Milord Scarborough quitta la vie en 1727, avec le même sang-froid qu’il avait quitté sa place de grand-écuyer. On lui reprochait dans la chambre des pairs qu’il prenait le parti du roi parce qu’il avait une belle charge à la cour. « Messieurs, dit-il, pour vous prouver que mon opinion ne dépend pas de ma place, je m’en démets dans l’instant. » Il se trouva depuis embarrassé entre une maîtresse qu’il aimait, mais à qui il n’avait rien promis, et une femme qu’il estimait, mais à qui il avait fait une promesse de mariage. Il se tua pour se tirer d’embarras.

Toutes ces histoires tragiques, dont les gazettes anglaises fourmillent, ont fait penser à l’Europe qu’on se tue plus volontiers en Angleterre qu’ailleurs. Je ne sais pourtant si à Paris il n’y a pas autant de fous ou de héros qu’à Londres ; peut-être que si nos gazettes tenaient un registre exact de ceux qui ont eu la démence de vouloir se tuer et le triste courage de le faire, nous pourrions, sur ce point, avoir le malheur de tenir tête aux Anglais. Mais nos gazettes sont plus discrètes : les aventures des particuliers ne sont jamais exposées à la médisance publique dans ces journaux avoués par le gouvernement.

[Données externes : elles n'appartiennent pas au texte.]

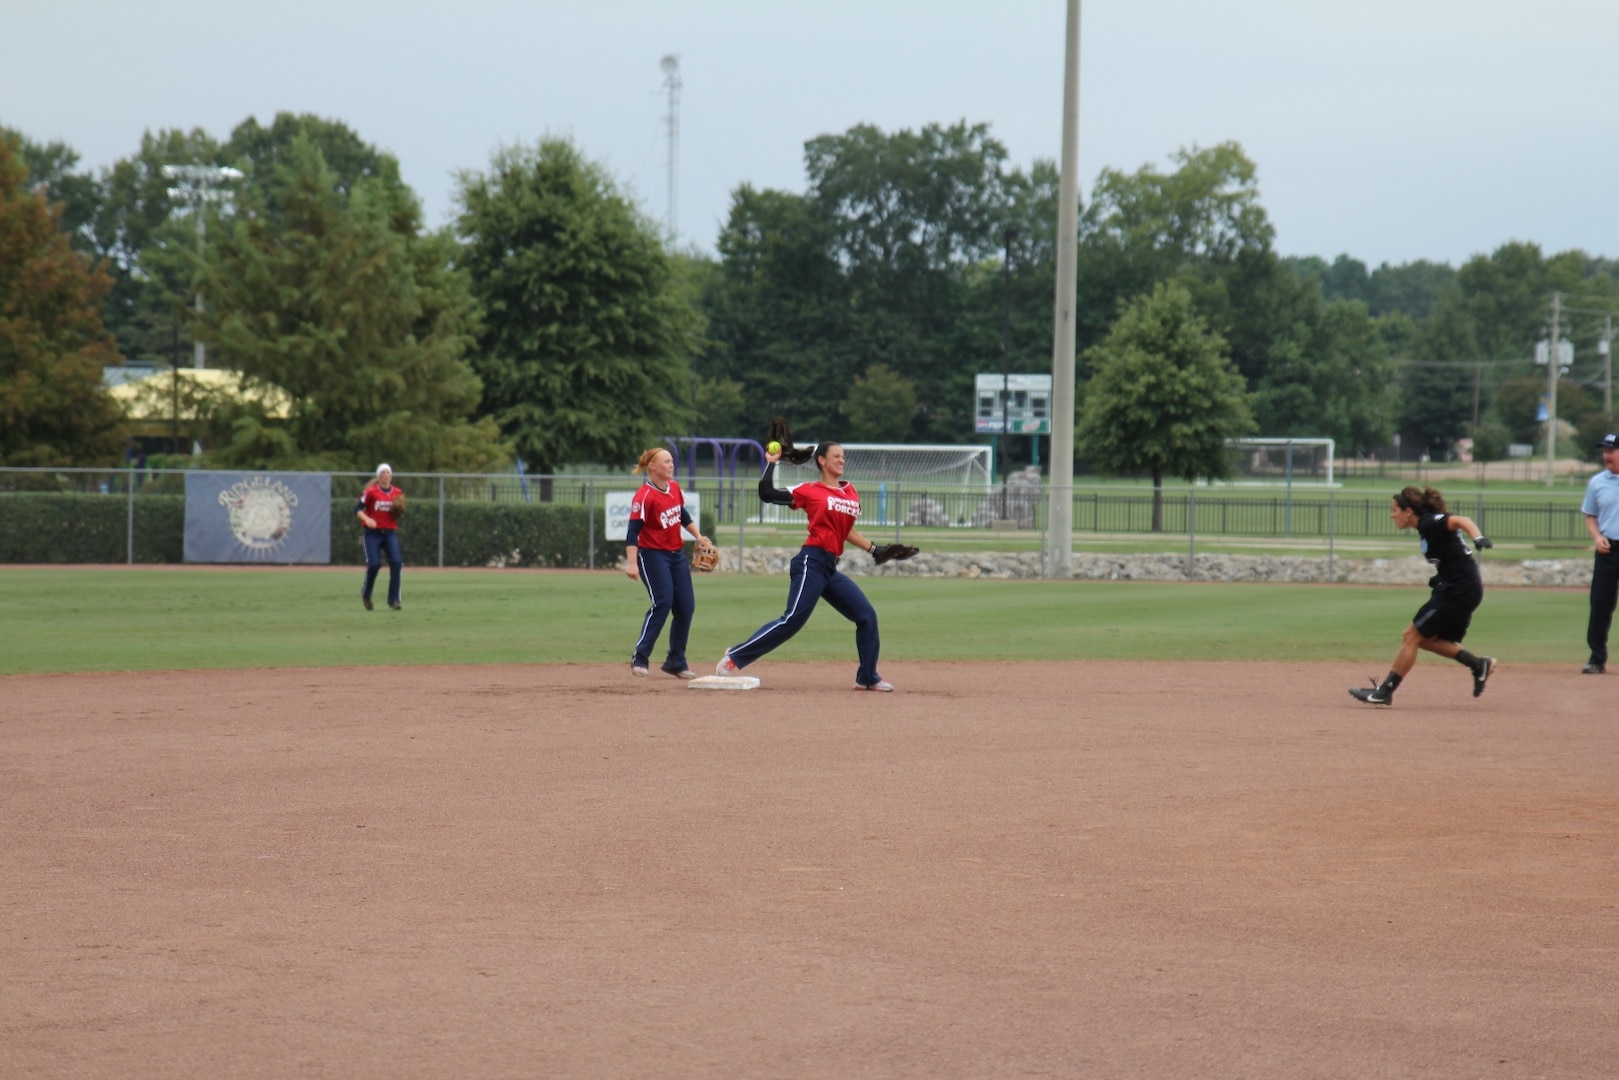 MA3 Shasta Rodriguez, Navy Operational Support Center, NC (Navy) (Center) with SPC Miranda Campbell, Camp Casey, Korea (Army) (left) turn a double play at the 2013 ASA National Softball Championship in Ridgeland, MS 26-30 September.  The Armed Forces Women took their 7th consecutive silver medal at the USA National Championship

Tout ce que j’ose dire avec assurance, c’est qu’il ne sera jamais à craindre que cette folie de se tuer devienne une maladie épidémique : la nature y a trop bien pourvu ; l’espérance, la crainte, sont les ressorts puissants dont elle se sert pour arrêter très-souvent la main du malheureux prêt à se frapper[1].

  1. Dans l’impression de 1739 dont j’ai parlé en la note précédente, immédiatement après cet alinéa viennent les trois derniers alinéas qu’on lit aujourd’hui à l’article Suicide. Suivaient les vers de Virgile ci-après (page 95) : Proxima deinde tenent, etc. ; puis les vers français qui en sont la traduction, et les vingt-six lignes suivantes jusques et y compris ces deux vers :

    Coutume, opinion, reines de notre sort.